Cannot believe I mistyped it. This is one bad question.
3
for(int j=0; i<=2; j++) { 

Is your problem. Try:

for(int j=0; j<=2; j++) { 

Comments

3

I would write it like this:

class MDArrays { private static final int ROWS; private static final int COLS; private static final int START_VALUE; private static final int INC_VALUE; static { ROWS = 2; COLS = 3; START_VALUE = 2; INC_VALUE = 2; } public static void main(String[] args) { final int[][] x; int t; x = new int[ROWS][COLS]; t = START_VALUE; for(int row = 0; row < x.length; row++) { for(int col = 0; col < x[row].length; col++) { x[row][col] = t; t += INC_VALUE; System.out.println(x[row][col]); } } } } 

The major difference is that I use the .length member rather than hard coded values. That way if I change it to x = new int[3][2]; then the code magically works and stays within its bounds.

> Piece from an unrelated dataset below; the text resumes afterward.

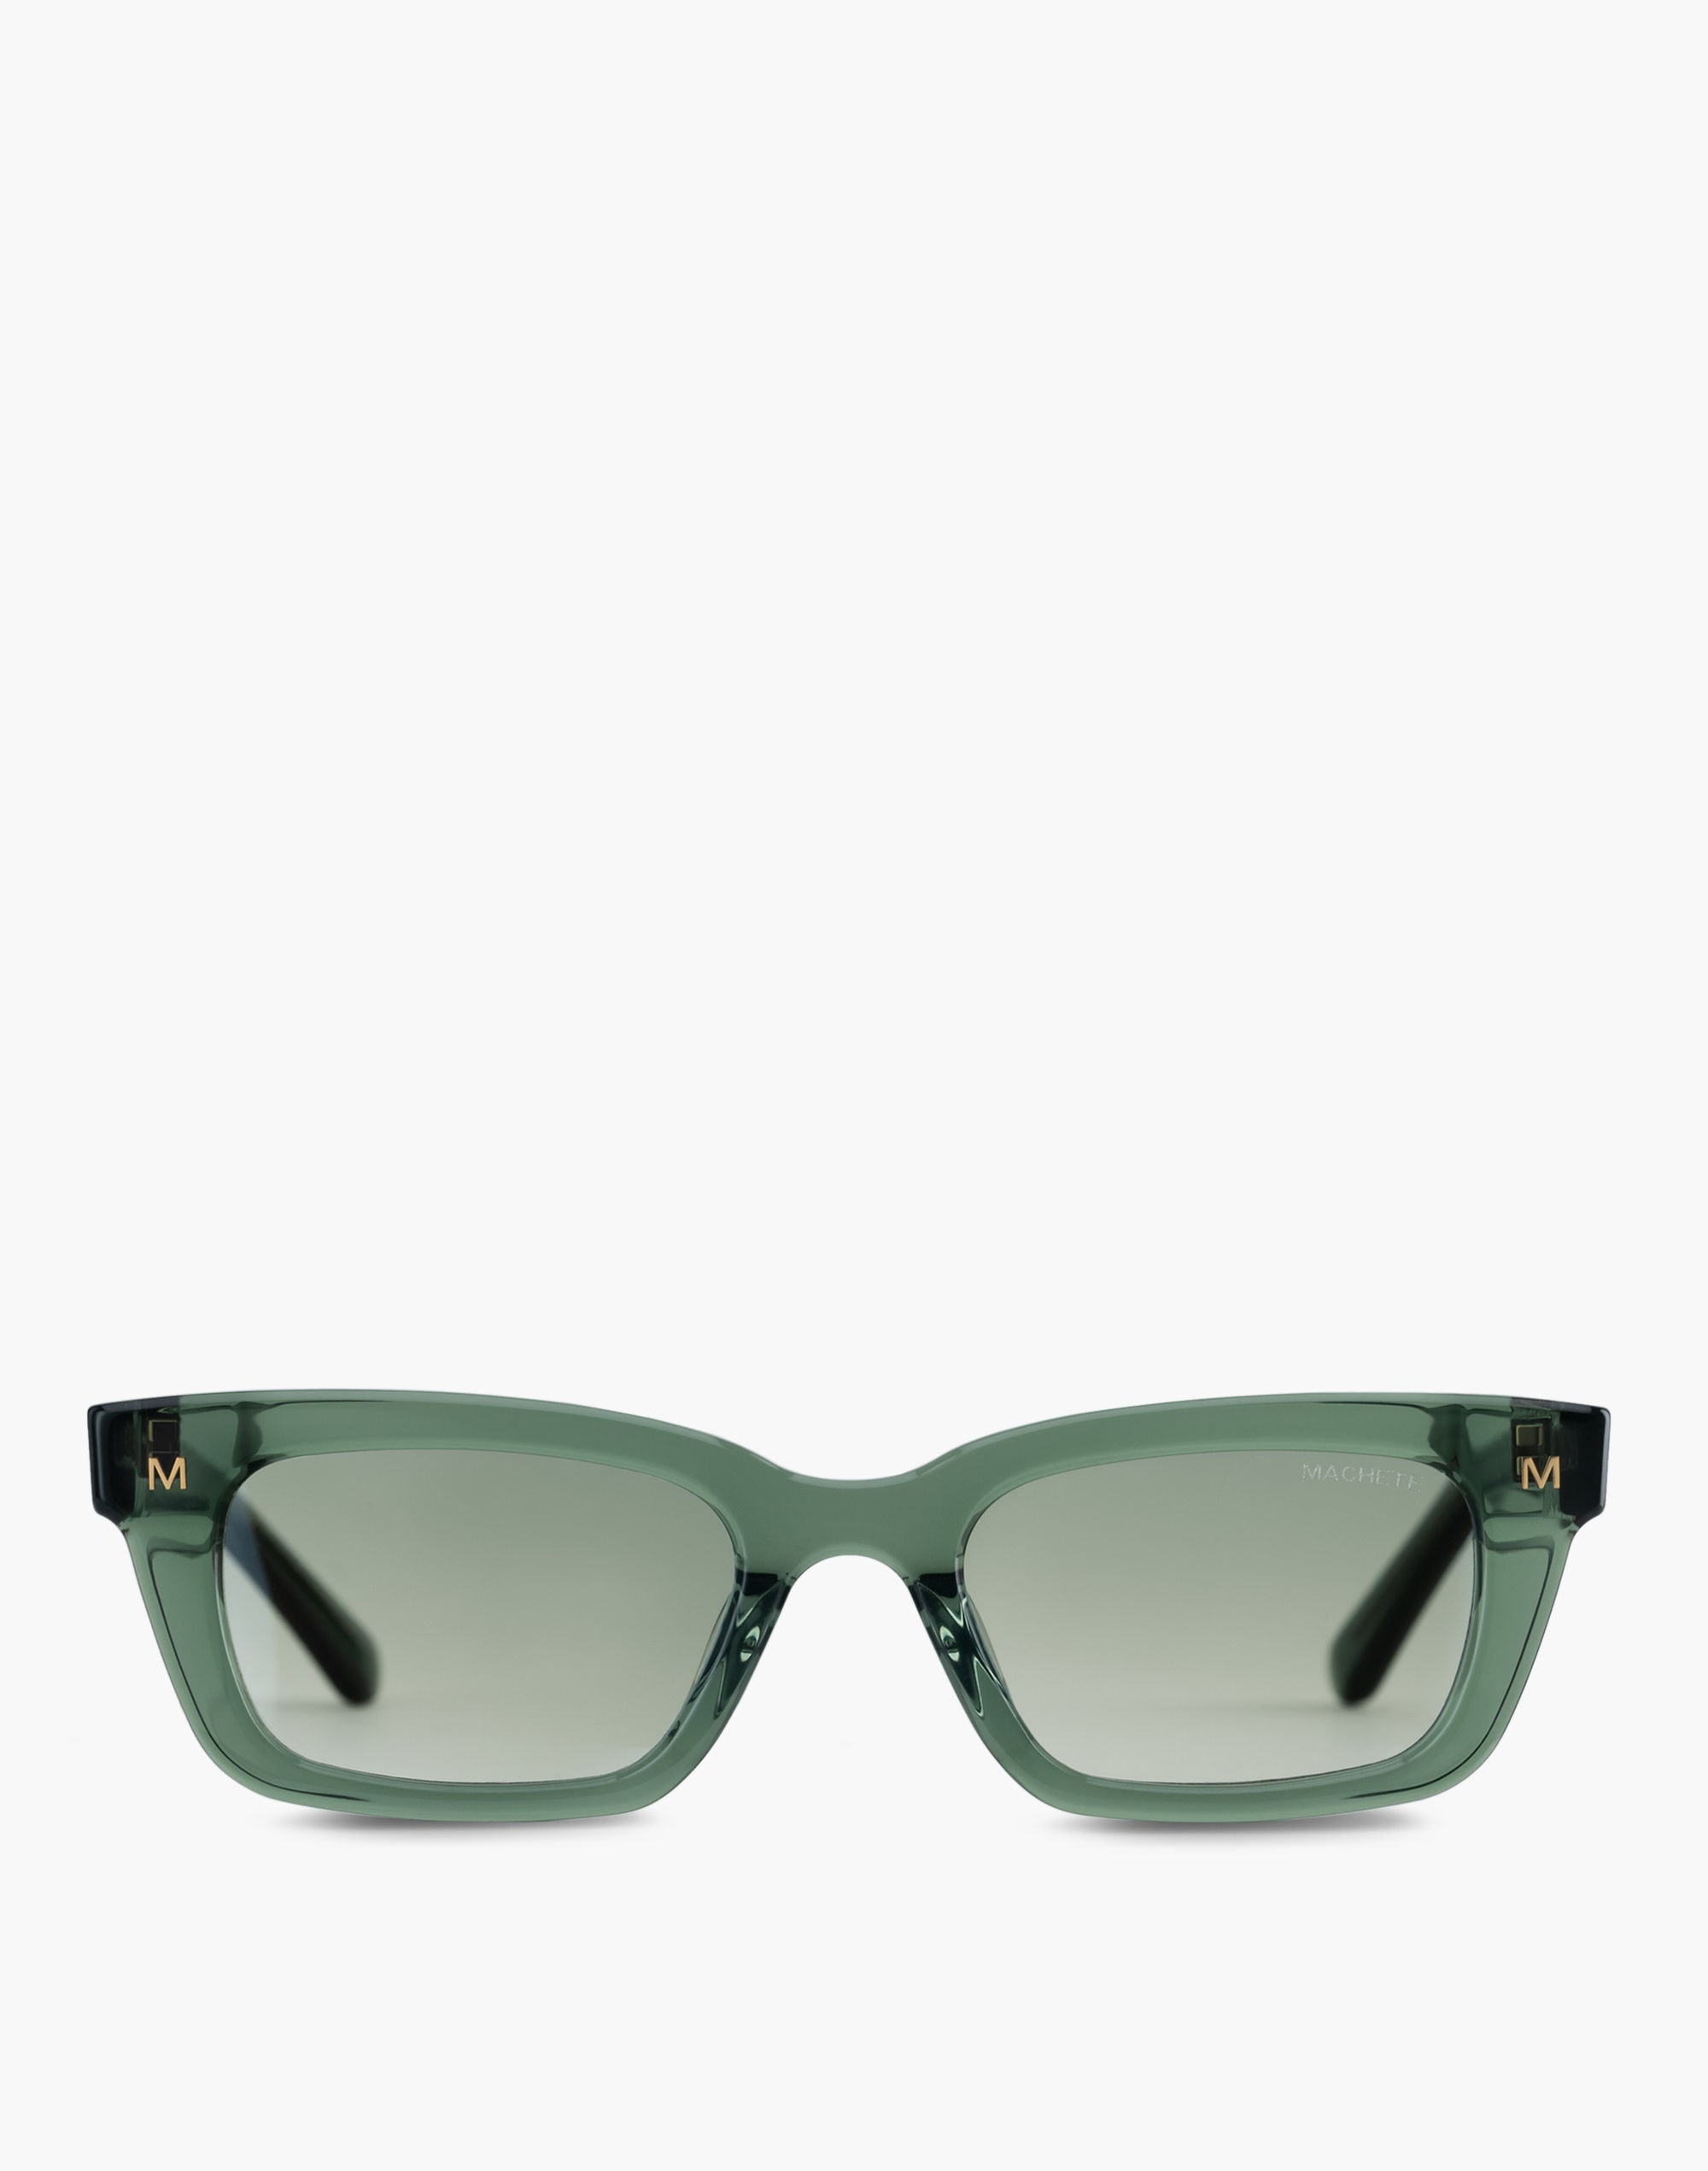 Mw Machete Ruby Sunglasses In Green

The other big difference is that I use row/col instead of i/j. i/j are fine (and traditional) but I find when dealing with arrays of arrays (Java doesn't actually have multi-dimensional arrays) that it is easier to keep track of things if I use the more meaningful row/col (helps prevent you from doing things like for(int col = 0; row < x.length; col++)... which, incidentally, is the bug you have.

4 Comments

I would also like to get rid of those magic numbers (2 and 3) using private static finals.
yeah, I was going to do that too, but didn't want to make it soooo different - but given you feel that way too I'll do it!
Did not you mean x.length ? Currently at row: for(int row = 0; row < row.length; row++) you get error: The primitive type int of row does not have a field length MDArrays.java /StackOverflow/src line 24 Java Problem
+1 Good point. Many beginners overlook healthy variable names.